Later in the evening, the president mentioned the incident in one of his customary live TV broadcasts and displayed the infamous mango as proof.

“Marleni Olivo,” Maduro said. “We’re going to invite her to my [TV and radio] show, ‘In Touch with Maduro.’ She had a housing problem, right? And, Marleni, I have approved it already, as part of the Great Housing Mission of Venezuela, you will get an apartment and it will be given to you in the next few hours. Tomorrow, no later than the day after tomorrow, we will give it to you.”

Maduro also joked that he had something in common with the mango. The word “maduro” in Spanish means ripe.

Olivo told local media her intention was to toss the president a note, as others in the crowd were doing.

“I didn’t have paper available at that moment,” she told El Pitazo TV. “What I had was a mango that I was about to eat because I was hungry.”
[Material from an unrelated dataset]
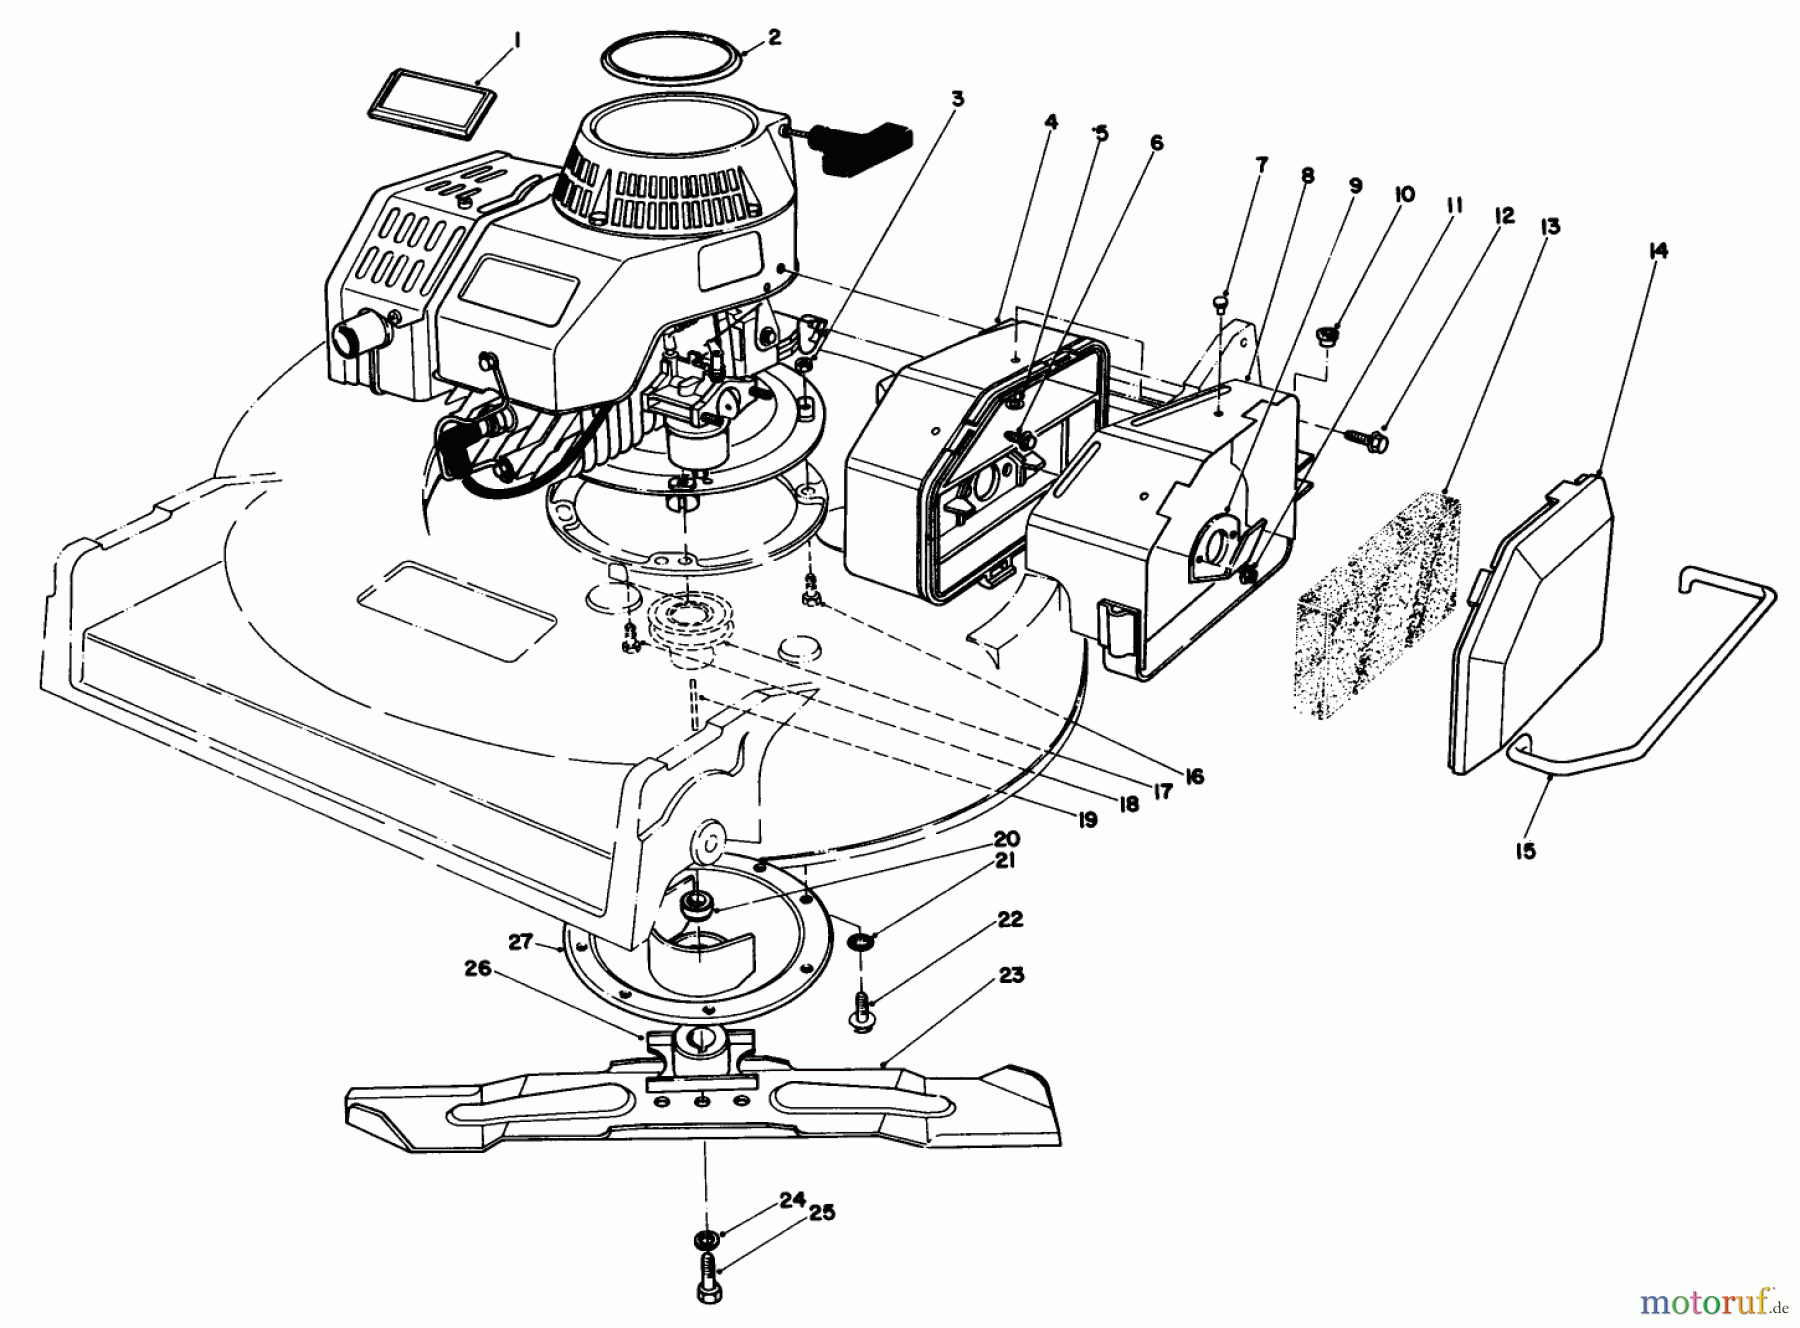  Toro Neu Mowers, Walk-Behind Seite 2 22035 - Toro Lawnmower, 1985 (5000001-5999999) ENGINE ASSEMBLY (MODEL 22035)

Maduro’s critics are calling the incident a “manguicidio,” a play on the words “mango” and “magnicidio,” a Spanish word meaning assassination of a powerful leader. In Venezuela’s extremely polarized political climate, Maduro frequently talks about his belief that the opposition is conspiring to target him for assassination.

But the mango-thrower says she had no evil intent.

“My dream is to own a home before I die,” she told El Pitazo TV, adding that she had been very ill recently, that she suffers from diabetes and hypertension.

And now her dream is about come true, a dream that would not have been possible without her boldness and a little help from a tasty mango.